† Pete Bailey
b.1947 - d. 2010

Jon Edison, April 2010
Graham Woods launching Dynosoar

Pete competing at Eastbourne in 2004

Pete Bailey, a regular competitor for many years in the BMFA F3F league, died March 2010.

I first chatted with Pete at an F3F meeting in 2000, although he had been flying F3F for some time before that, and had been model flying for considerably longer. We talked about flying of course, but also about a house he had just bought in Somerset ready for his planned retirement. The house sounded idyllic, but not without its problems.
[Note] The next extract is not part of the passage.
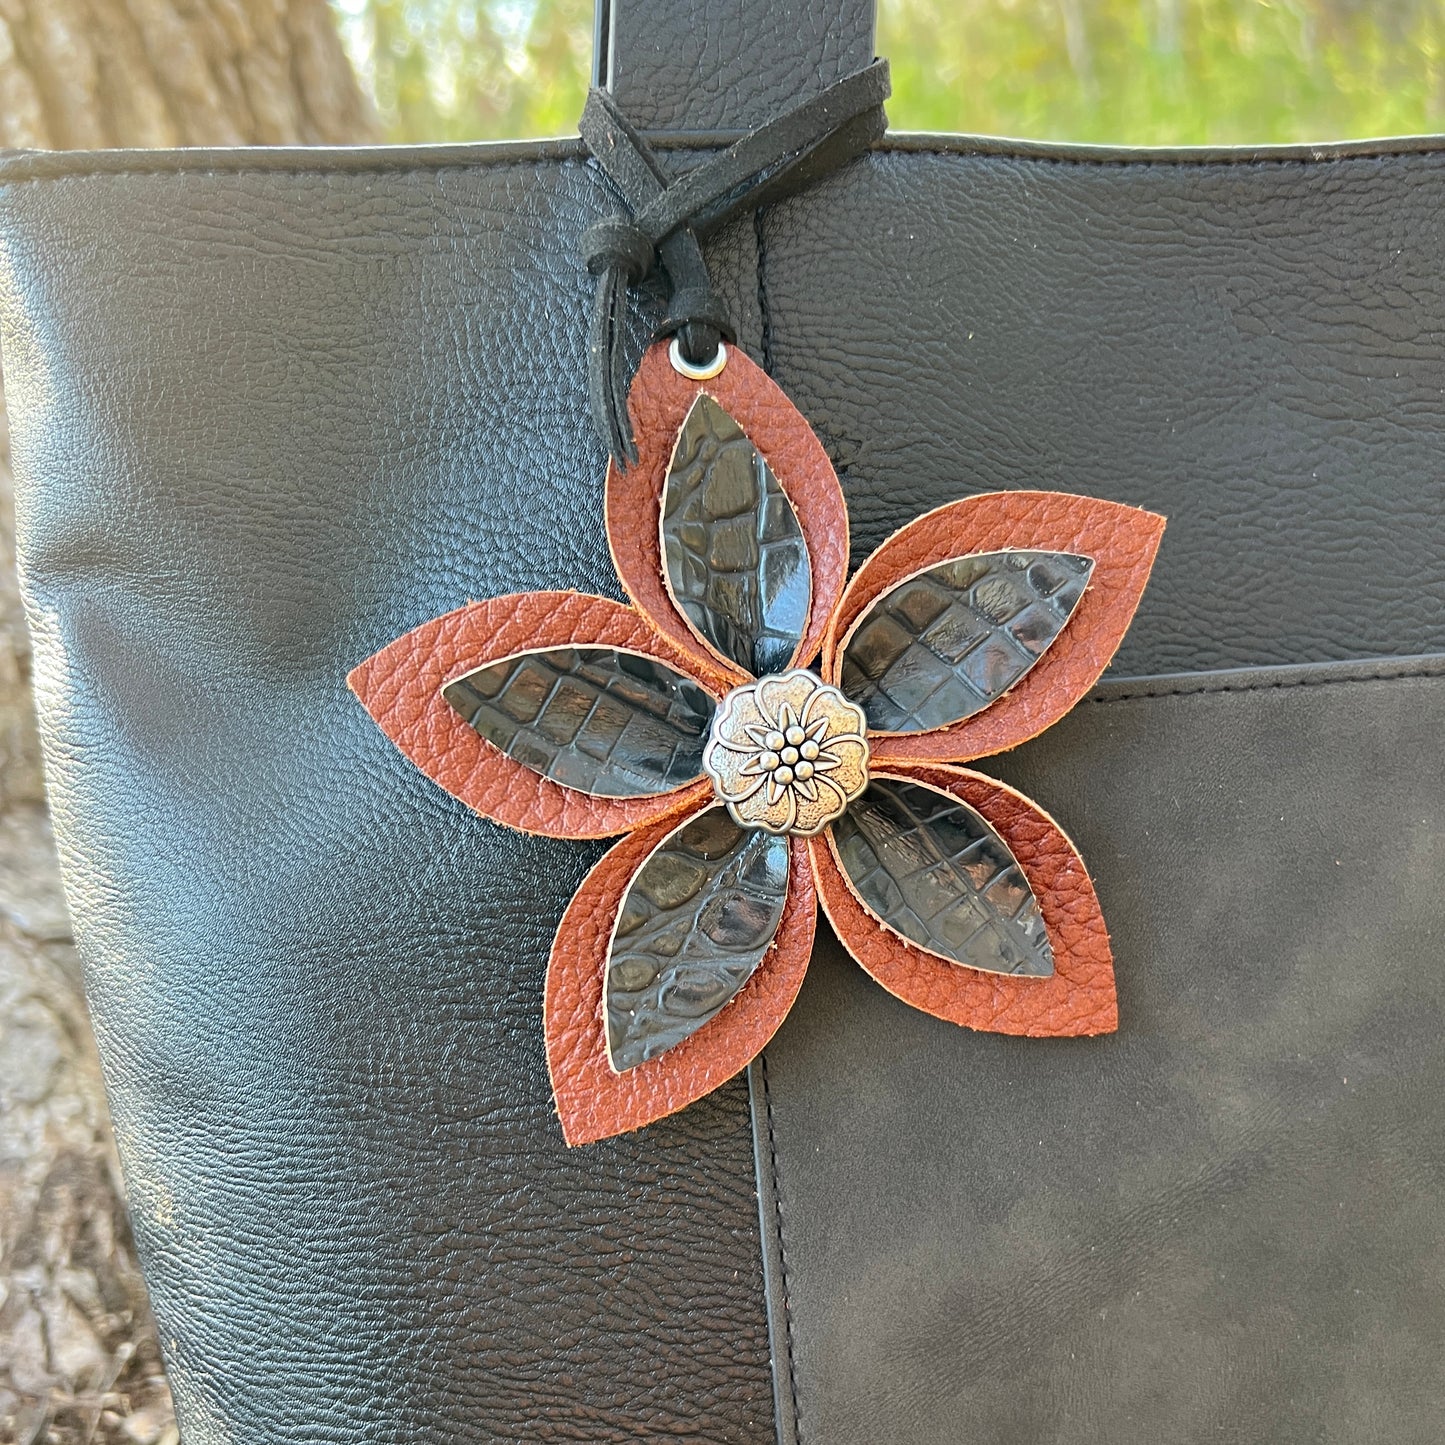 Leather Flower Bag Charm - Large Flower with Loop -Black Croc on Brown

We discussed at great length the solutions to these problems, and I was duly invited to come and stay with him when the house was completed.

We became good friends, and my wife and I visited Pete and Gill at their Somerset house many times between 2002 and 2006. When attending events at the Hole of Horcum, Pete and Gill would stay with us in York.

By 2006, Pete’s flying was becoming a little variable, I knew he suffered from arthritis in his hands, but we had no idea what was to come. Pete gave up F3F flying that year. A year later he was diagnosed with cancer and given six months to live.

I visited him in September 2009, and he looked surprisingly fit. He had just bought himself an electric Helicopter which he was in the process of attempting to fly. Like most helis it was awaiting repair when I called. Unfortunately he never mastered it, and sadly died in March 2010.

Pete was a very intelligent guy. With a PhD in Physics, he would love to book in to B&B’s in Bridgend as Dr Bailey, and became known as the Flying Doctor. He played violin and guitar, liked classical and pop music, ran for Middlesex in his youth, and could debate anything with anyone. But he never came across as anything other than one of the boys.